What if we are also given the maximum number of trucks that can drive through each of the cities in the country (other than the cities where the factory and the distribution center are located)? In other words we have to deal with vertex-capacities too. Intuitively, we should be able to reduce this to maximum-flow, but we must find a way to take the capacities from vertices and put them back on edges, where they belong. Another nice trick comes into play. We will build a network that has two times more vertices than the initial one. For each vertex we will have two nodes: an in-vertex and an out-vertex, and we will direct each edge x-y from the out-vertex of x to the in-vertex of y. We can assign them the capacities from the problem statement. Additionally we can add an edge for each vertex from the in to the out-vertex. The capacity this edge will be assigned is obviously the vertex-capacity. Now we just run max-flow on this network and compute the result.

Figure 7 - Eliminating vertex-capacities

Maximum flow problems may appear out of nowhere. Let's take this problem for instance: "You are given the in and out degrees of the vertices of a directed graph.

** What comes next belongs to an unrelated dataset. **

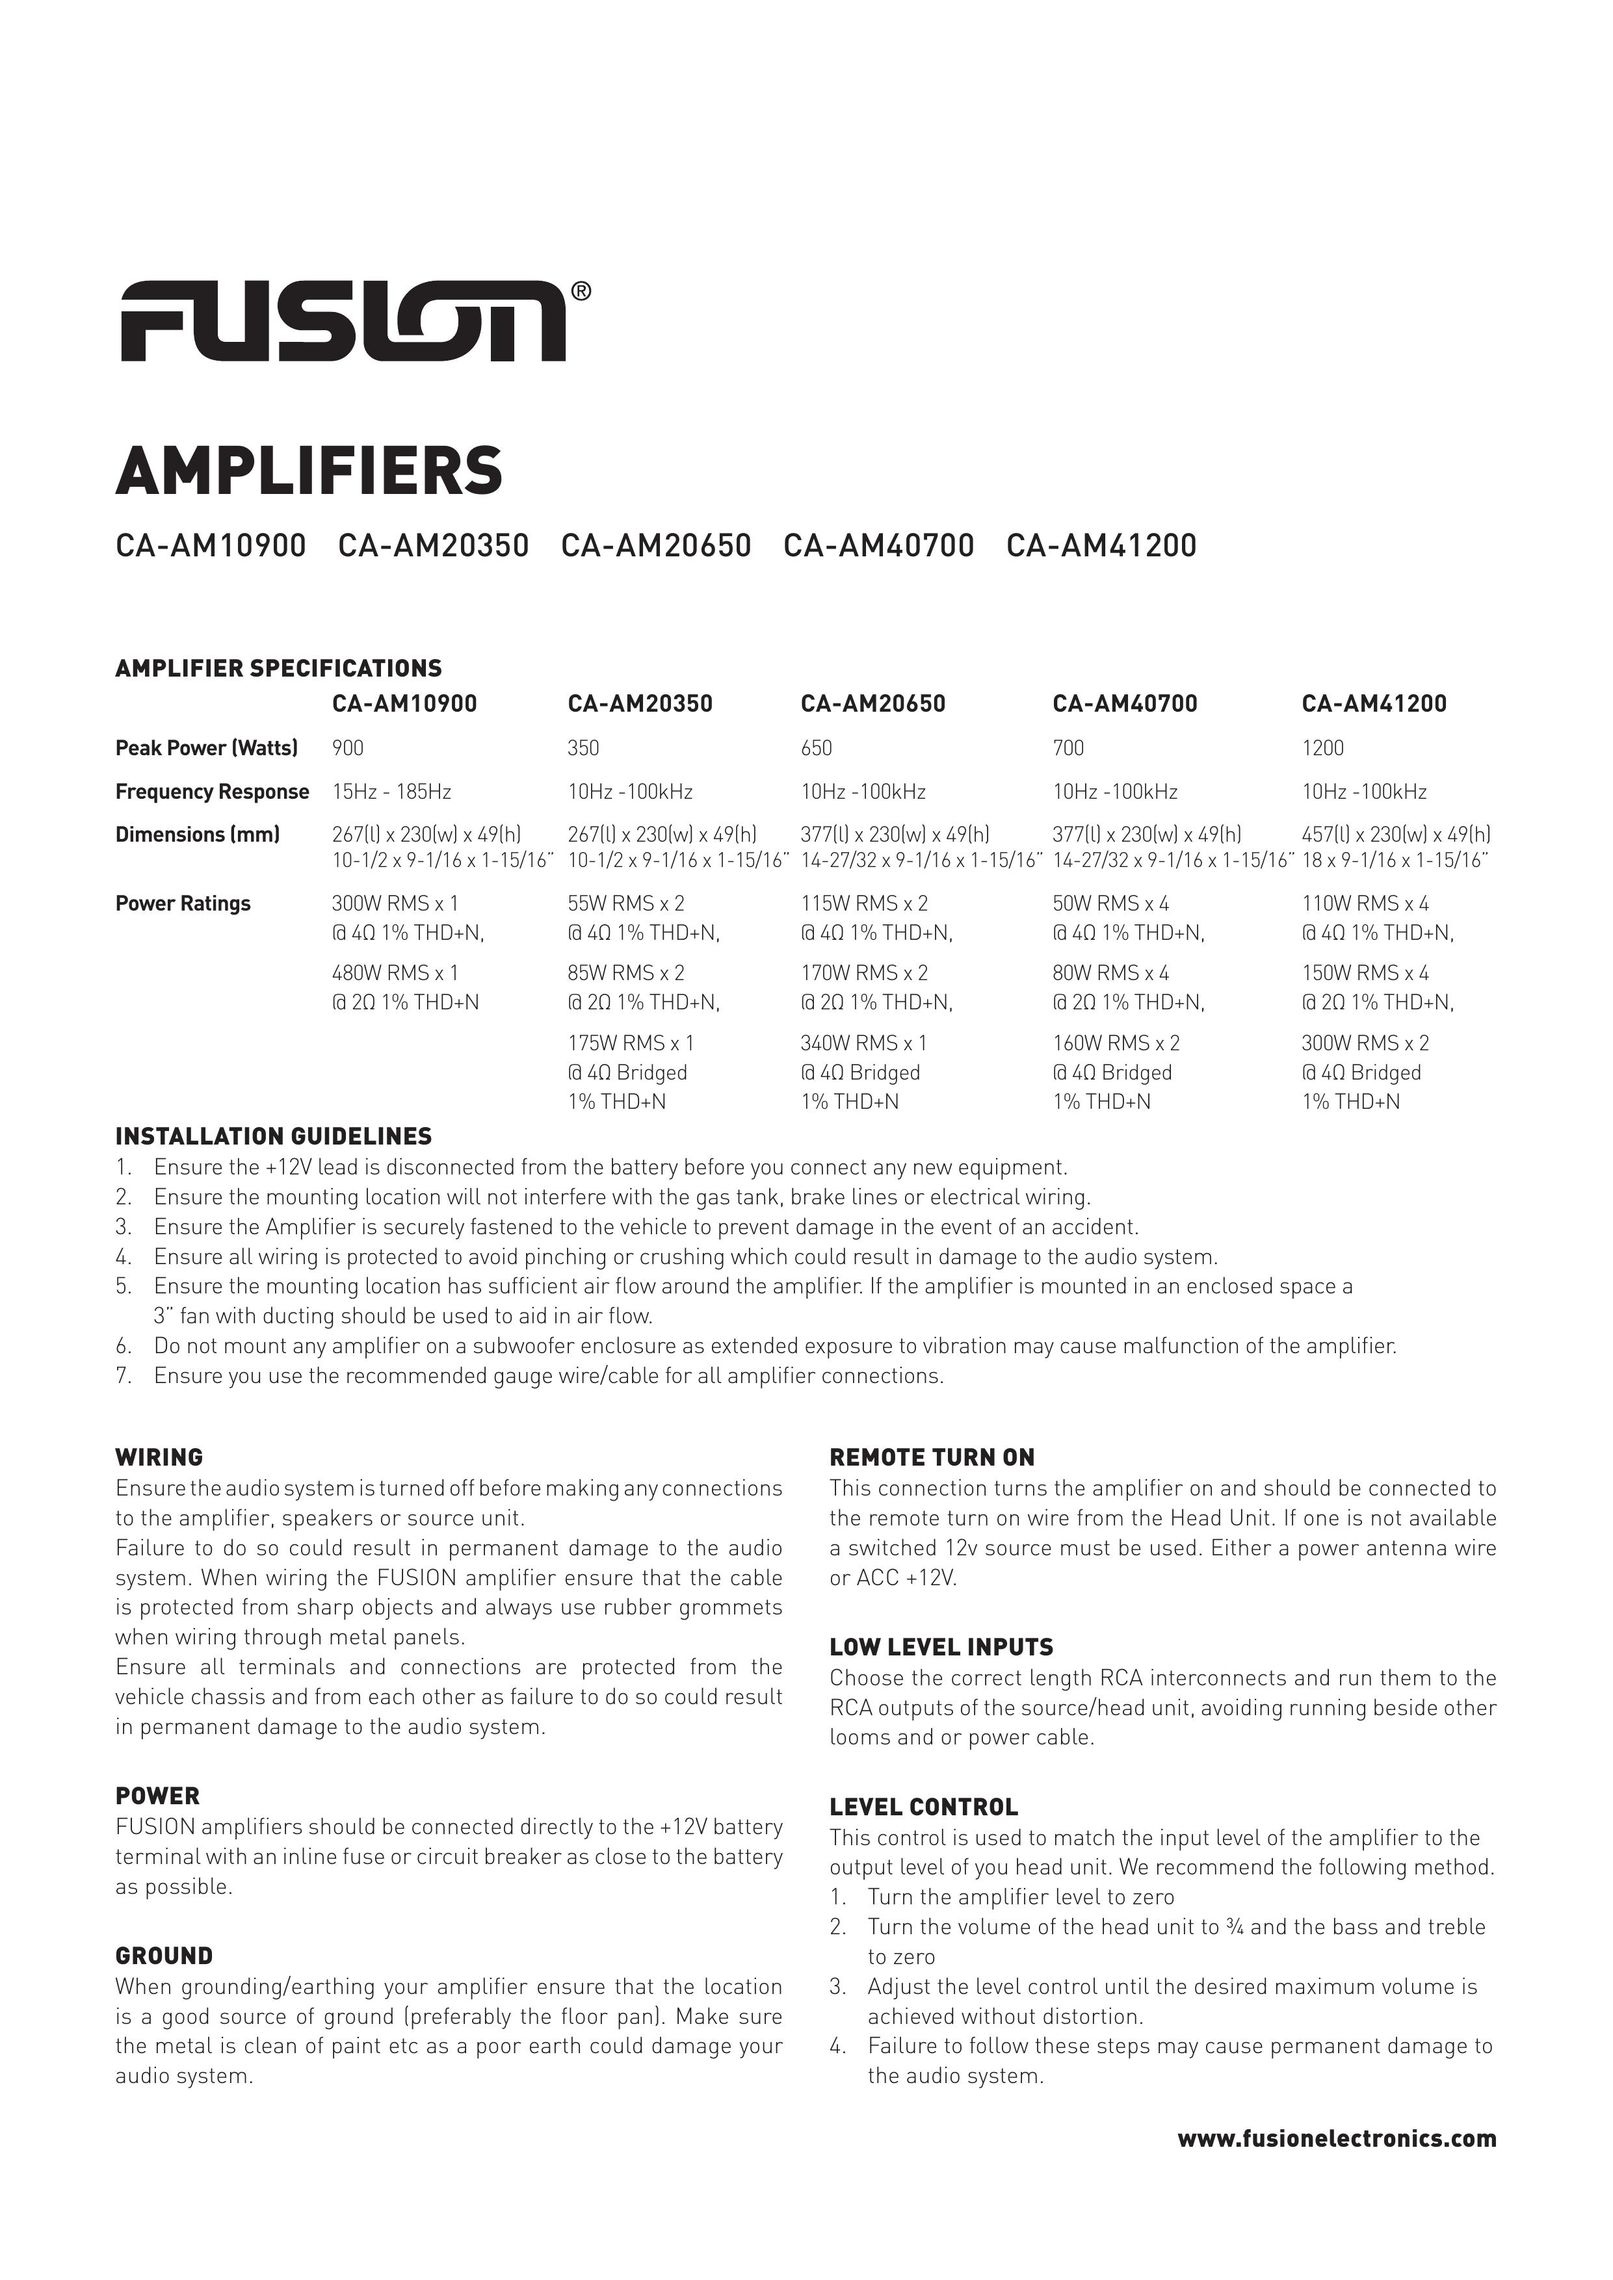 Fusion CA-AM40700 Car Amplifier User Manual

Your task is to find the edges (assuming that no edge can appear more than once)." First, notice that we can perform this simple test at the beginning. We can compute the number M of edges by summing the out-degrees or the in-degrees of the vertices. If these numbers are not equal, clearly there is no graph that could be built. This doesn't solve our problem, though. There are some greedy approaches that come to mind, but none of them work. We will combine the tricks discussed above to give a max-flow algorithm that solves this problem. First, build a network that has 2 (in/out) vertices for each initial vertex. Now draw an edge from every out vertex to every in vertex. Next, add a super-source and draw an edge from it to every out-vertex. Add a super-sink and draw an edge from every in vertex to it. We now need some capacities for this to be a flow network. It should be pretty obvious what the intent with this approach is, so we will assign the following capacities: for each edge drawn from the super-source we assign a capacity equal to the out-degree of the vertex it points to. As there may be only one arc from a vertex to another, we assign a 1 capacity to each of the edges that go from the outs to the ins. As you can guess, the capacities of the edges that enter the super-sink will be equal to the in-degrees of the vertices. If the maximum flow in this network equals M - the number of edges, we have a solution, and for each edge between the out and in vertices that has a flow along it (which is maximum 1, as the capacity is 1) we can draw an edge between corresponding vertices in our graph. Note that both x-y and y-x edges may appear in the solution. This is very similar to the maximum matching in a bipartite graph that we will discuss later. An example is given below where the out-degrees are (2, 1, 1, 1) and the in-degrees (1, 2, 1, 1).

Figure 8

Some other problems may ask to separate two locations minimally. Some of these problems usually can be reduced to minimum-cut in a network. Two examples will be discussed here, but first let's take the standard min-cut problem and make it sound more like a TopCoder problem. We learned earlier how to find the value of the min-cut and how to find an arbitrary min-cut. In addition to this we will now like to have a minimum-cut with the minimum number of edges. An idea would be to try to modify the original network in such a way that the minimum cut here is the minimum cut with the minimum edges in the original one. Notice what happens if we multiply each edge capacity with a constant T. Clearly, the value of the maximum flow is multiplied by T, thus the value of the minimum cut is T times bigger than the original. A minimum cut in the original network is a minimum cut in the modified one as well. Now suppose we add 1 to the capacity of each edge. Is a minimum cut in the original network a minimum cut in this one? The answer is no, as we can see in Figure 8 shown below, if we take T = 2.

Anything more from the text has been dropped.